Allocation of Electronic Gaming Machine Entitlements

Tabled: 29 June 2011

Overview

In 2010 the rights, or 'entitlements', to operate electronic gaming machines (EGM) from 2012 were allocated to club and hotel venue operators.

This audit examined whether the financial outcome from the allocation of the EGM entitlements represented best value for money and whether the sale process was managed in an effective and efficient manner.

The audit found that the allocation was not value for money for taxpayers. The amount of revenue raised was only a quarter of the fair market value of the EGM entitlements. Around $3 billion in potential revenue was foregone.
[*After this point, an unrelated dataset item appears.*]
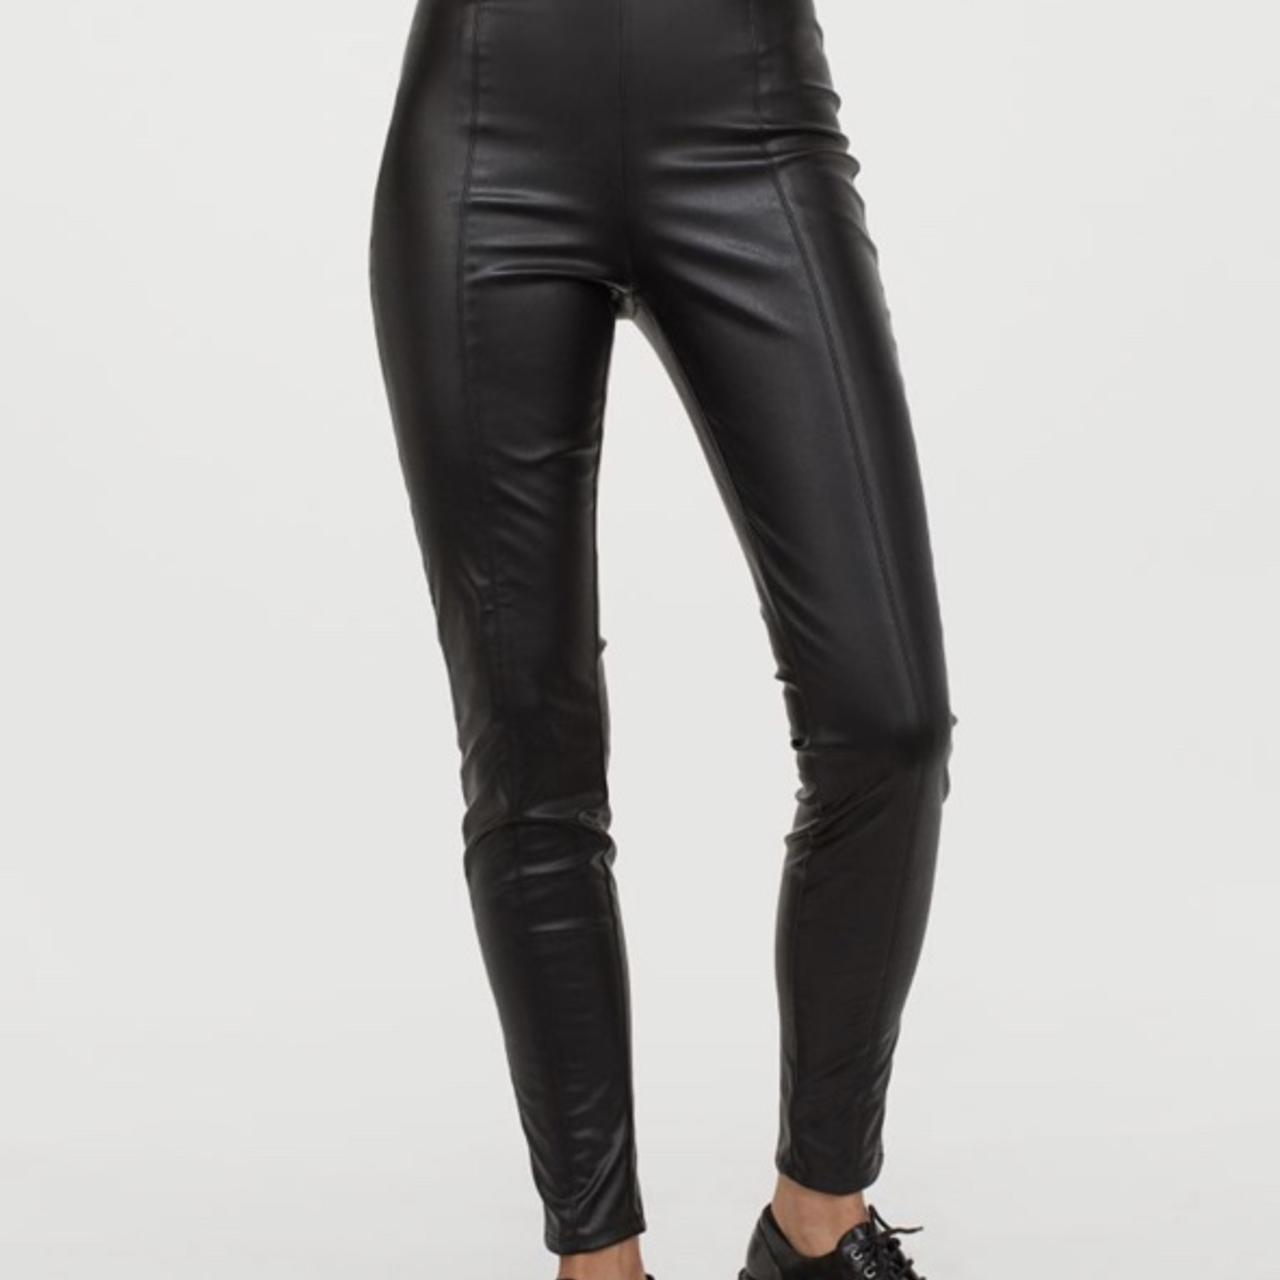 H&M imitation leather leggings. Really flattering

Large venue operators, rather than the community, were the beneficiaries of this windfall gain.

The poor financial outcome was due to a combination of factors. The most significant contributing factors were the low demand at auction and the lack of a robust basis for setting the reserve price. Since demand was low, prices did not rise significantly above the reserve. This resulted in entitlements selling for amounts that were not representative of their value based on revenue per EGM. Inadequate information and training for participants and the decision to end the auction before all bidding activity had stopped also had an adverse impact on the auction result.

A series of weaknesses in the management of the project contributed to the unsatisfactory financial outcome. Decision review points were not appropriately built into the process to take account of new information. Much of the specialist advice sought by the Department of Justice (DOJ) was conflicted, restricted in scope, based on limited expertise and not appropriately validated.

There were also serious shortcomings in DOJ's procurement practices, cost control, knowledge management and application of probity.